Patients with this develop tumors that can occur anywhere in the body - even the eye which can lead to blindness. Of course, it is the facial disfigurement that most people focus on. This is also called the "Elephant Man's disease" after one of the more famous sufferers. very, very sad. The little boy I know of has perfectly normal mental capacity but most people judge him by how he looks and think that he is mentally deficient.
Didn't see the programme, but feel qualified to comment as I have neurofibramatosis.
The thing is, some of us are lucky and you wouldn't know I had it if I didn't tell you! I do have 'unsightly lumps', but not (yet?) on my face; cafe au lait marks I have always had, not an issue. I ahd one lump cut off, my first, but the scar was worse than the lump. Two more lumps are at the size where it might be worth removing, but it's not a priority. I don't cover them, actually I only remember when DH points out a leaflet or something like that.

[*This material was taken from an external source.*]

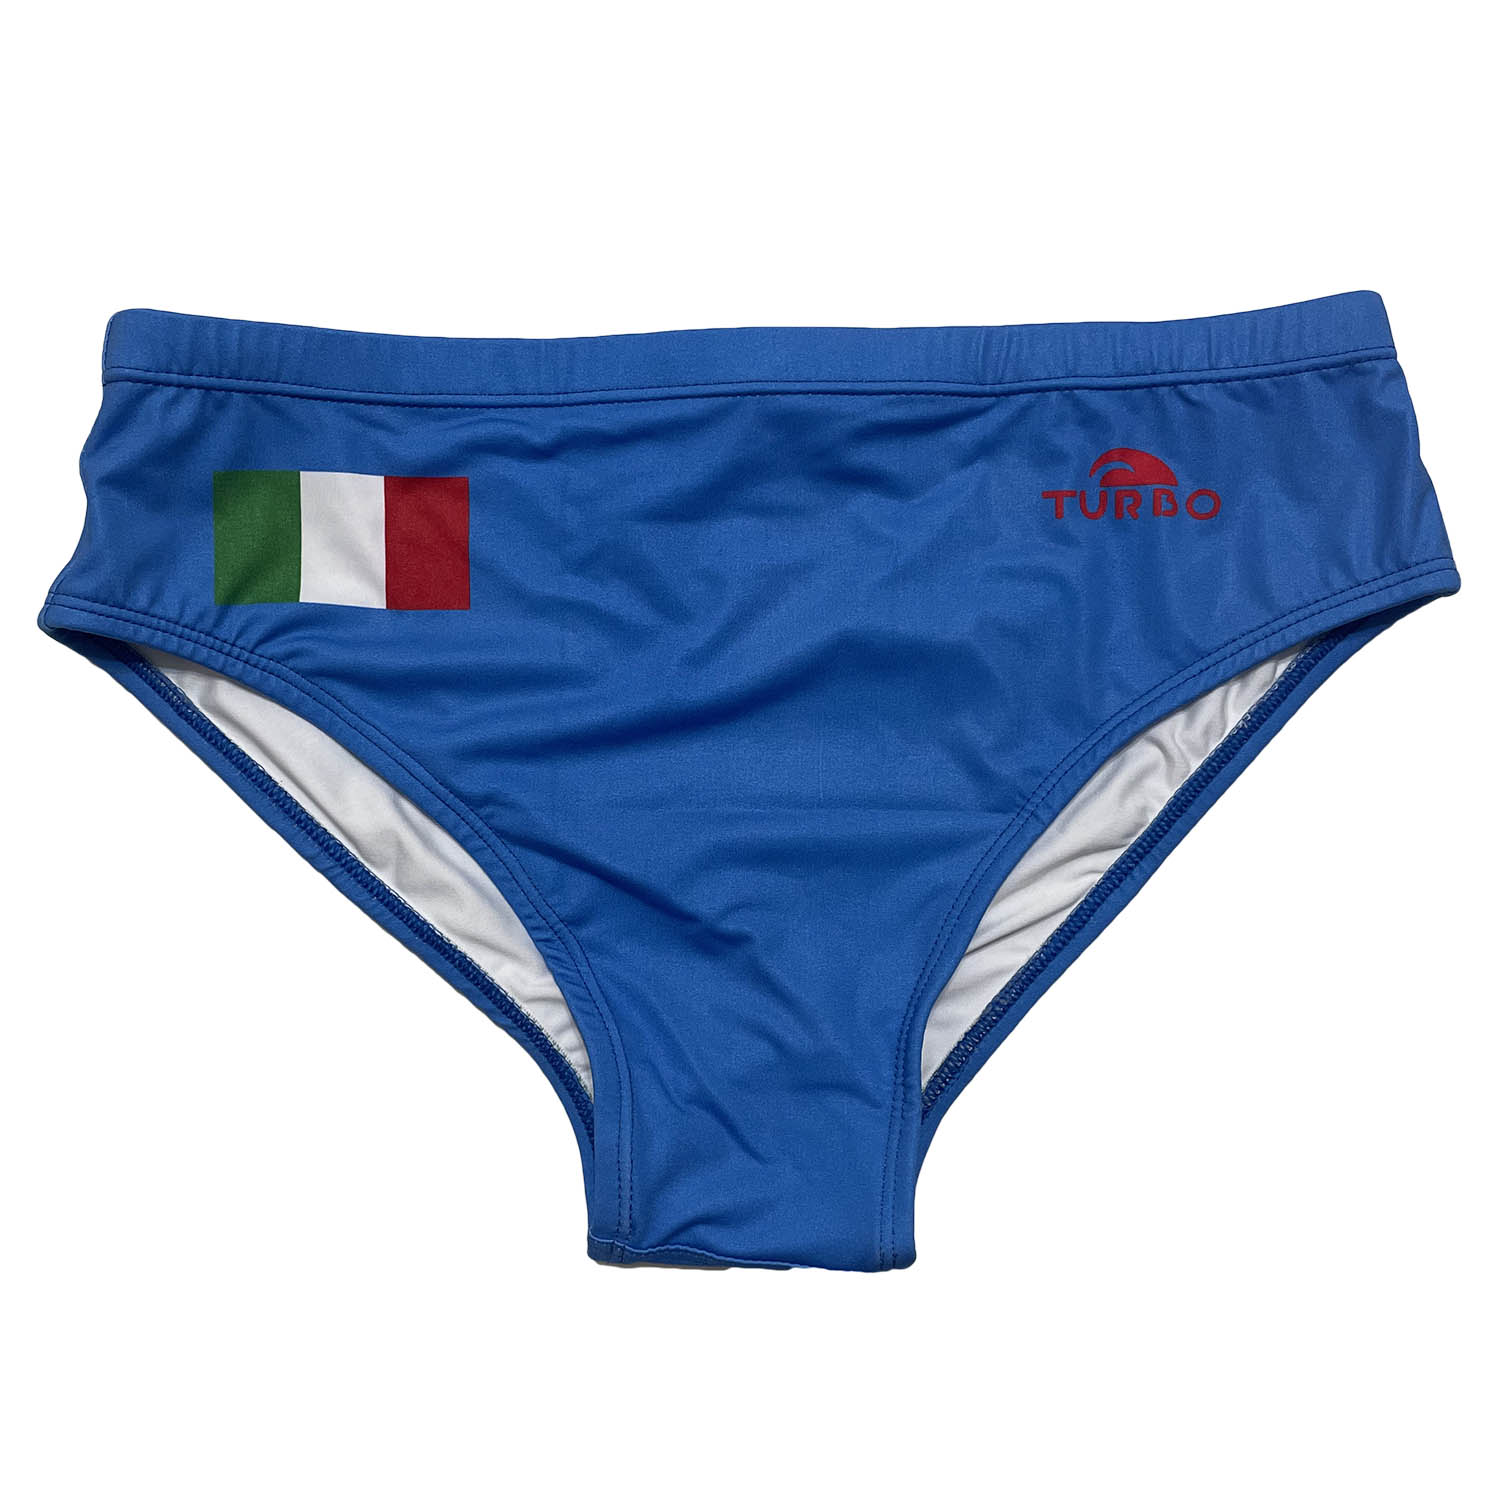 مایو مردانه مدل پرچم ایتالیا 2 کد 2214

As for the learning disabilities, looking back I certainly had problems at this type at school but I never was diagnosed, and now I can cope fine. I didn't get a diagnosis until I was 24, don't know if I am genetic or not as much of my family is dea- no not a sad story, Dad was 2nd youngest of 16 so by the time he got to adulthood, his brothers were old and his parents dead.

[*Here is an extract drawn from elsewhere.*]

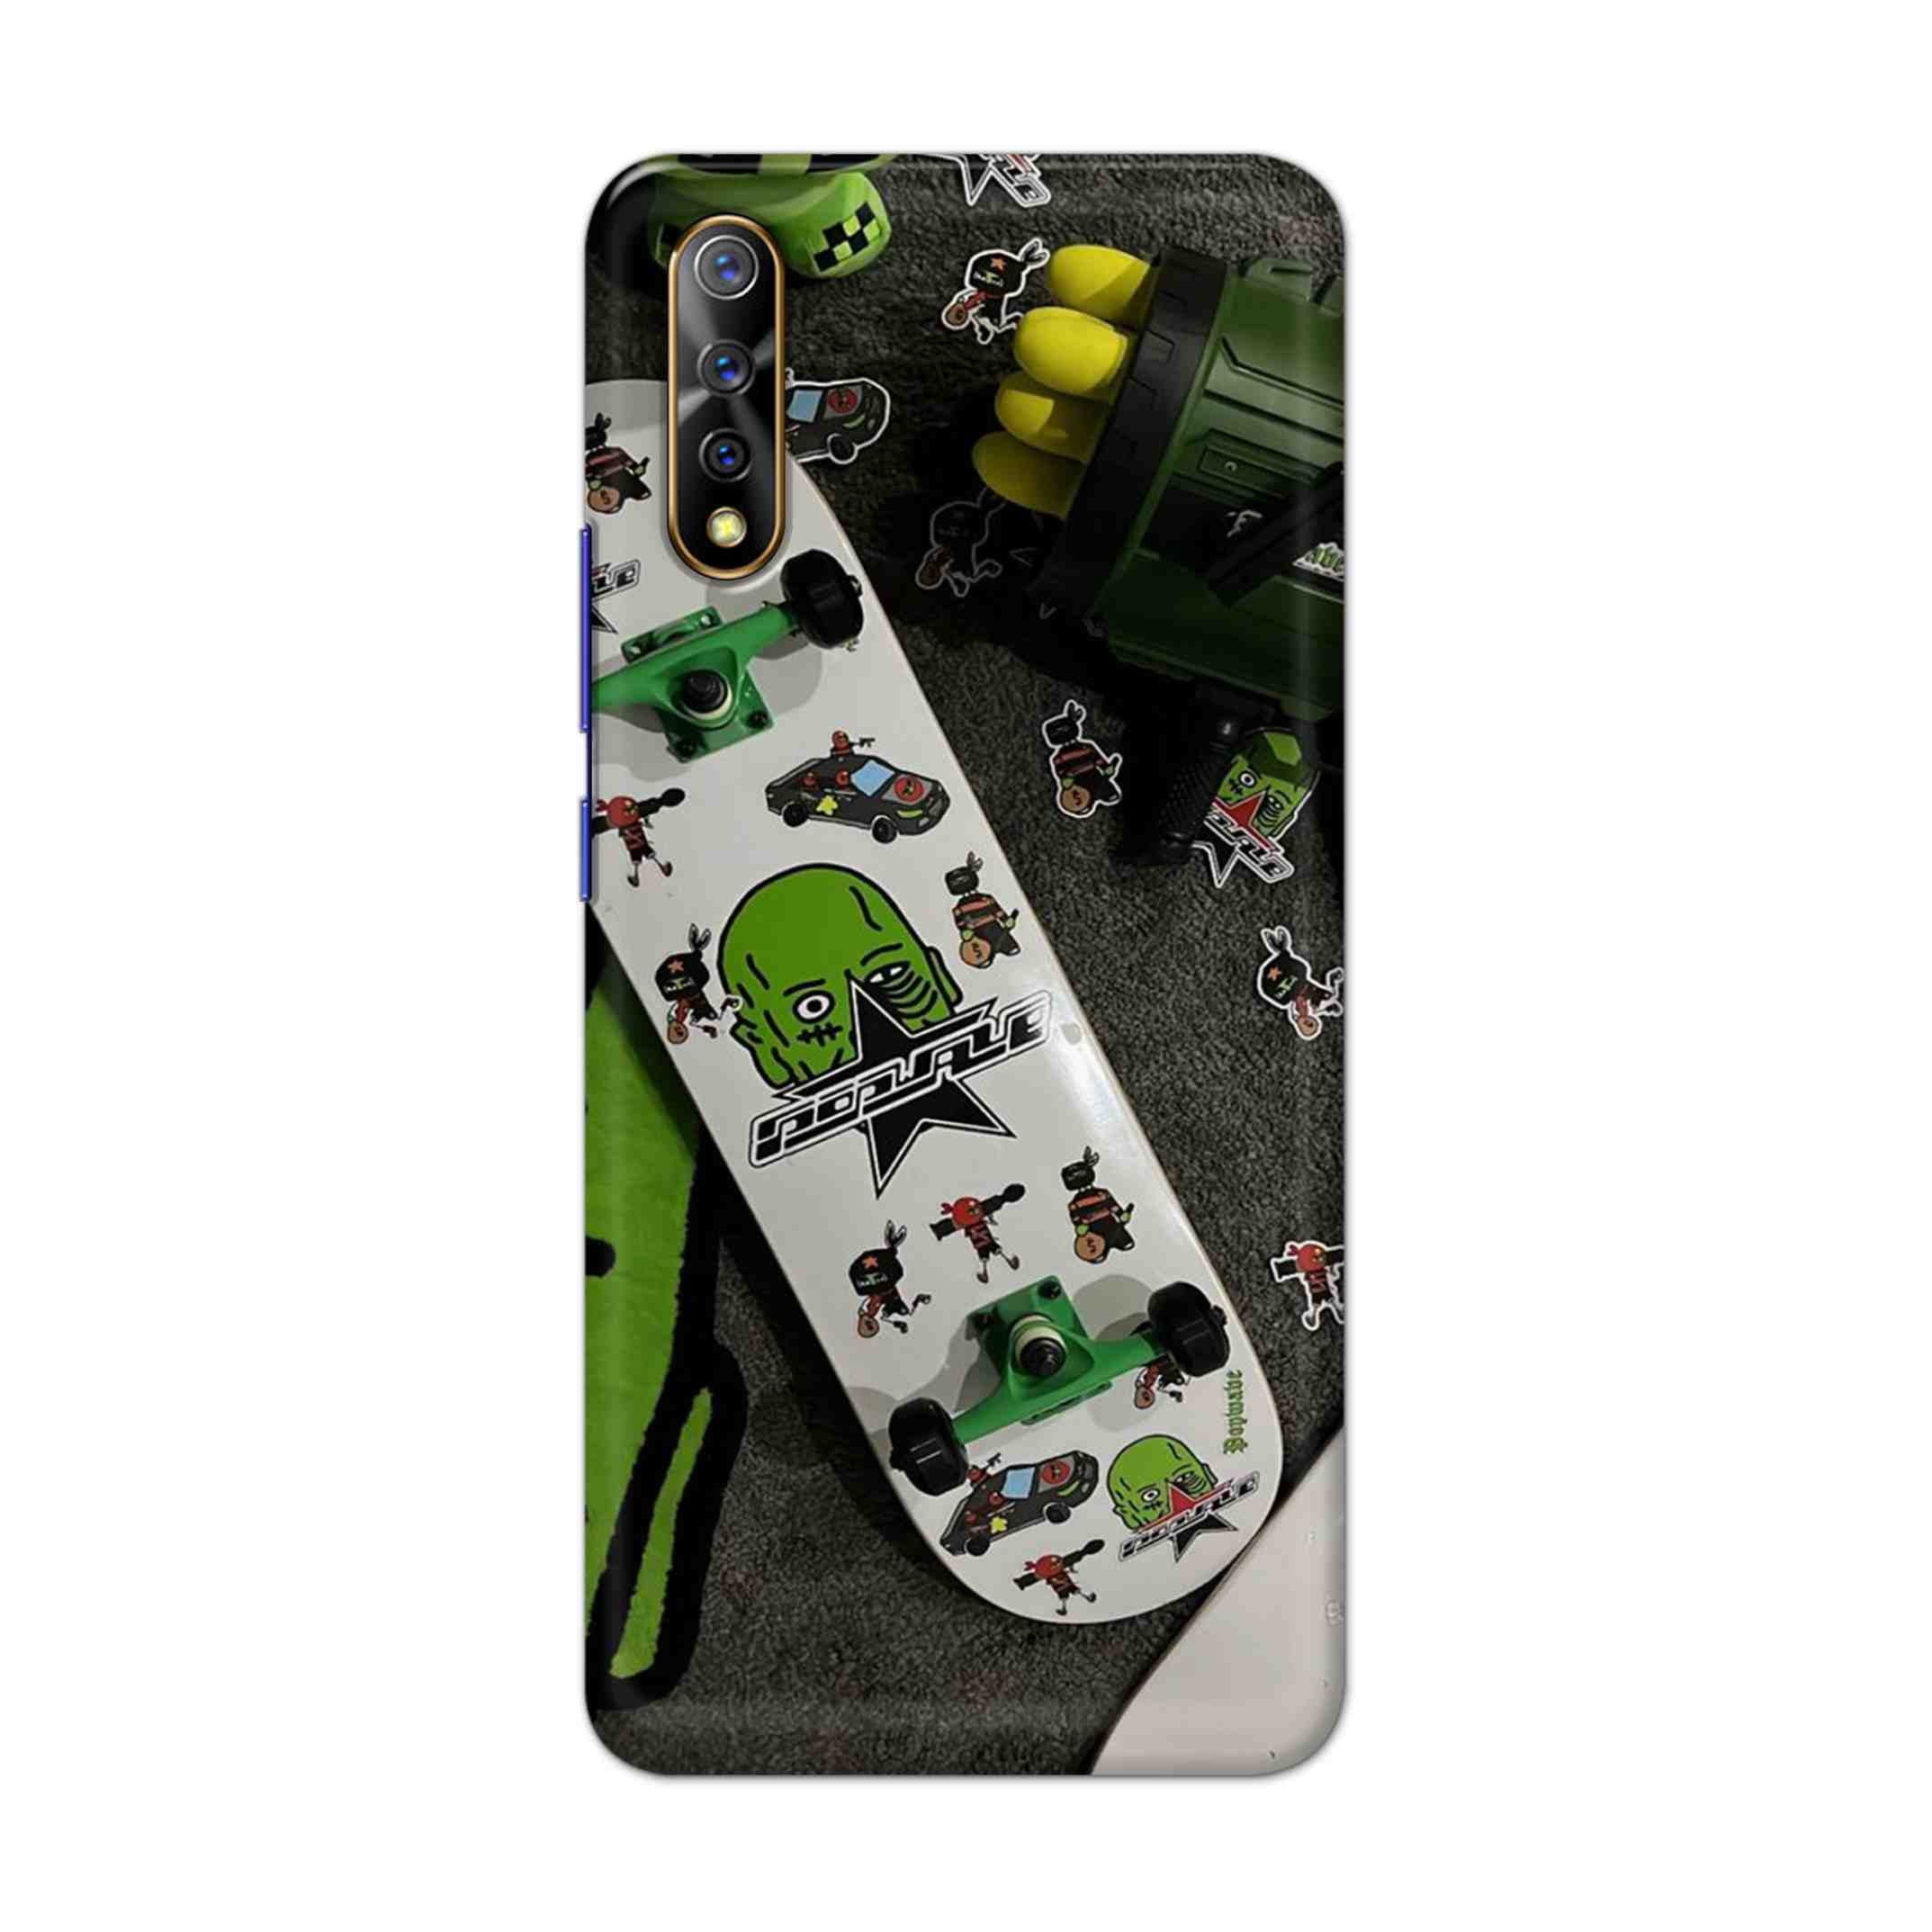 Buy Hulk Skateboard Hard Back Mobile Phone Case Cover For Vivo S1 / Z1x Online

The thing is, what i guess I want to say, is a diagnosis of NF isn't necesarily the end of the world; the learning disabilities can be oversome, and NF lumps vary greaytly from person to person.
Sounds interesting - thanks for your story Punnet too - but I don't think it was on here in Scotland (I ended up watching super-flipping-nanny and feeling even more inadequate than I usually do!), anyone know when/if it might be on?